Pena branda facilita soltura de presos e aquisição de armas Quem é preso portando arma de fogo se submete a uma pena máxima de 4 anos. Assim, não sendo reincidente, se submete ao regime aberto. Ou seja, a pessoa que foi presa pela primeira vez (o que não significa que foi presa no primeiro crime que cometeu), fatalmente em minutos ou horas estará em liberdade, debochando das autoridades e adquirindo novas armas de fogo no mercado negro e
cometendo novos delitos. A pena branda facilita a soltura de presos e a aquisição de armas, uma vez que, o pequeno vendedor, responsável pela maioria das vendas de armas no comércio clandestino, necessariamente porta a arma até fechar o negócio e materializar a tradição, ou seja, a transferência da arma ao adquirente.

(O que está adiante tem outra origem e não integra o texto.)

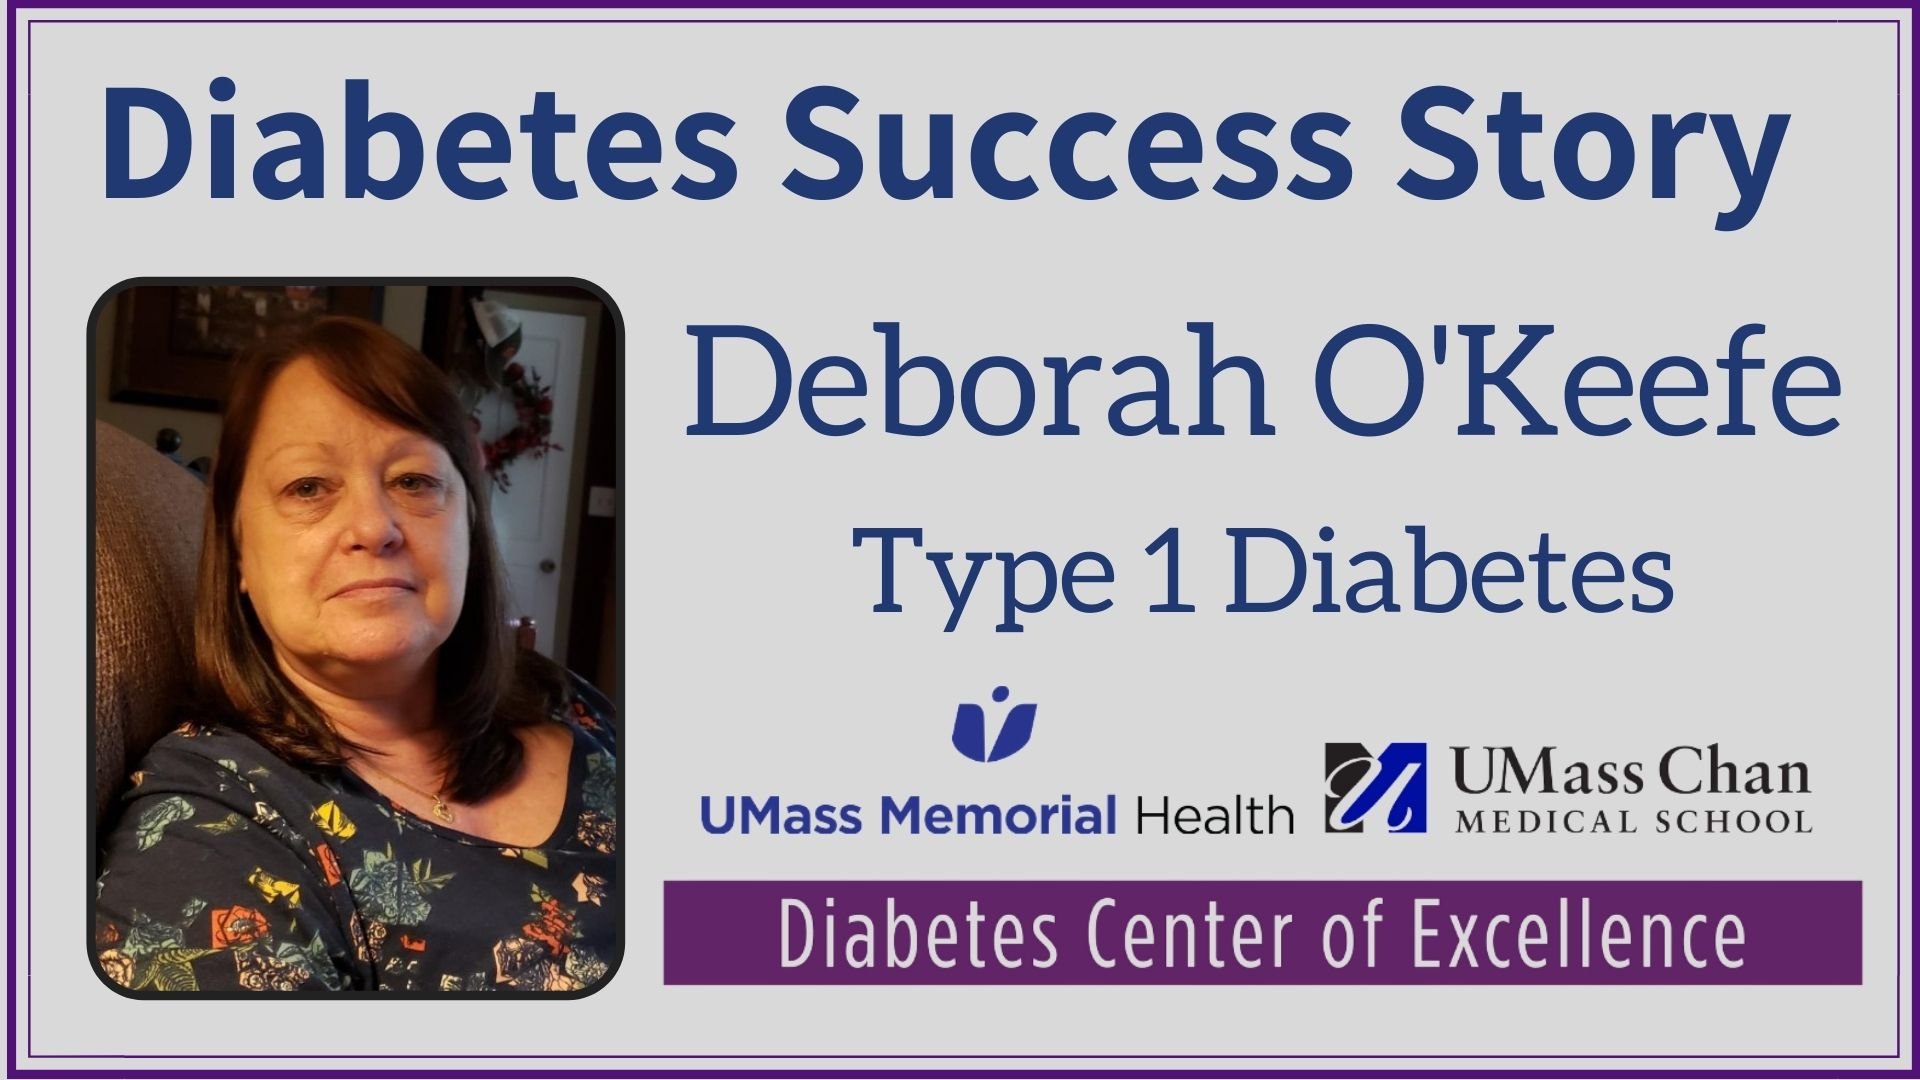 deborah-okeefe-type-1-diabetes.jpg
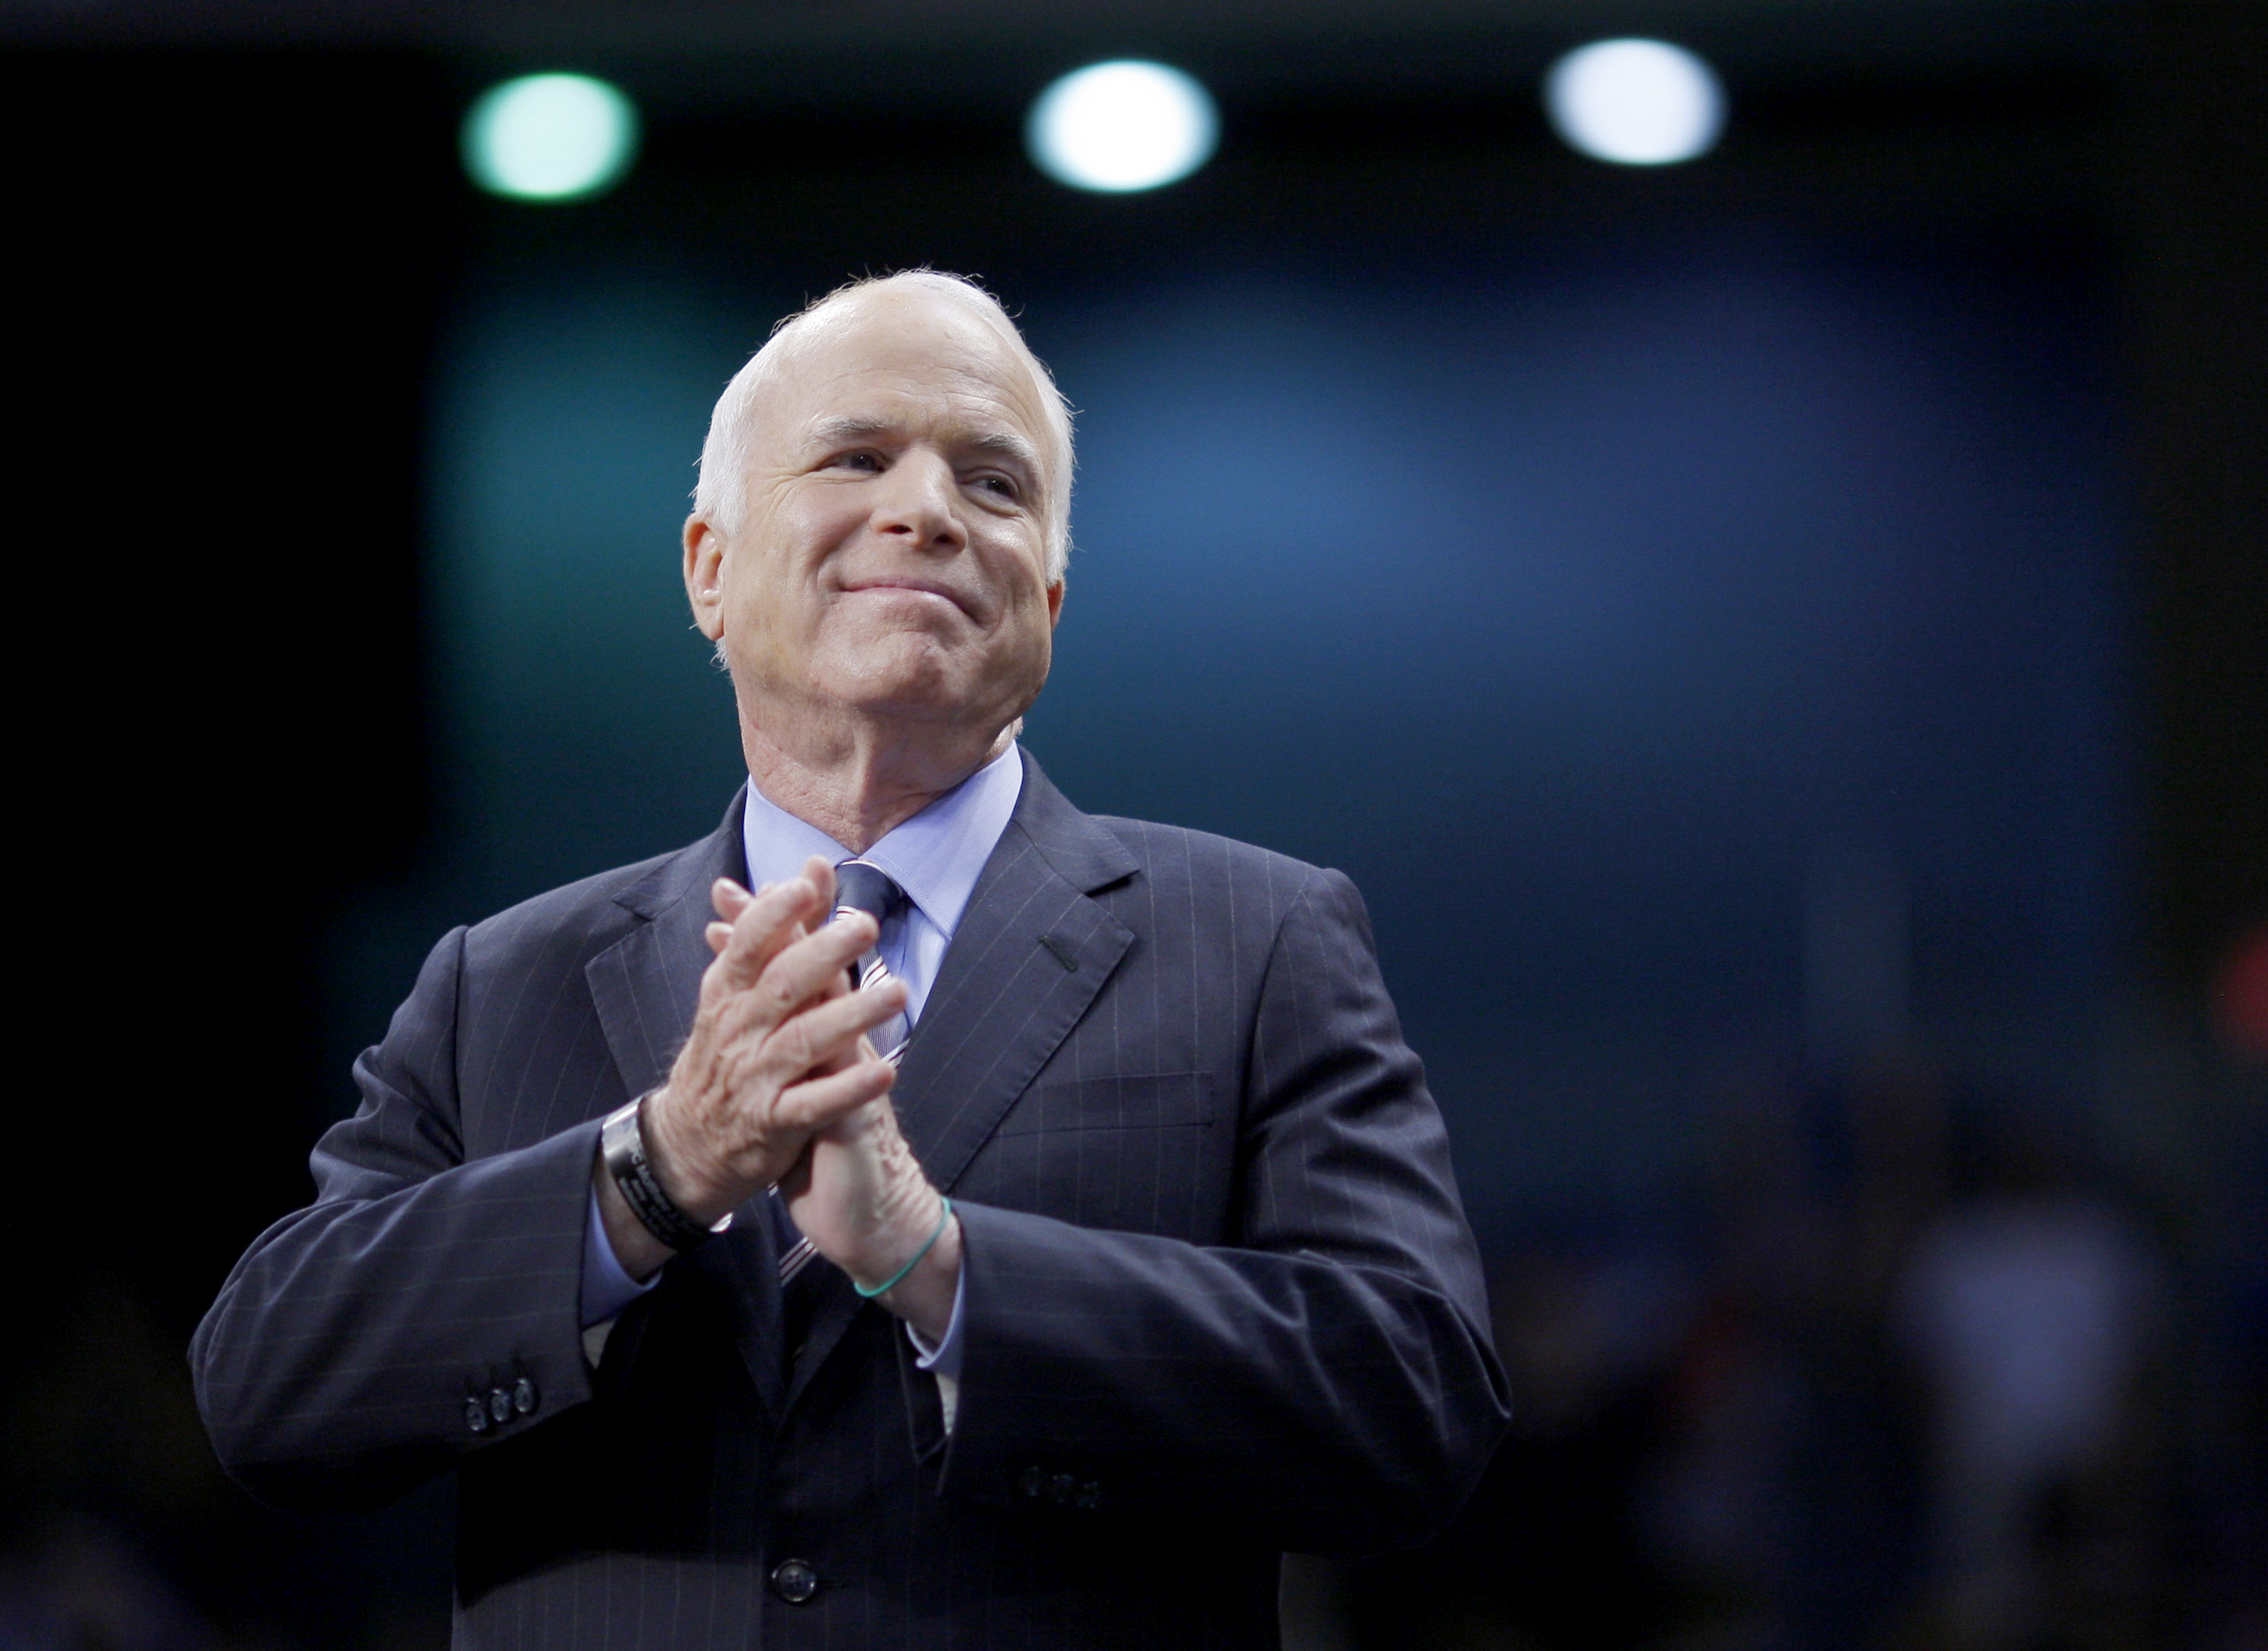 John McCain has died, dead at 81

Assim, via de regra, para ocorrer o crime de venda de arma necessariamente ocor-
reu o porte antes. Quanto mais rígido o tratamento penal dado ao porte, mais difícil a atividade de venda, posto que, quanto maiores os riscos, mais onerosos tendem a ser os preços das armas, tendo em vista que os riscos envolvidos implicam em maior custo, menor quantitativo de arma em circulação e menores oportunidades de aquisição de arma, sobretudo as mais letais.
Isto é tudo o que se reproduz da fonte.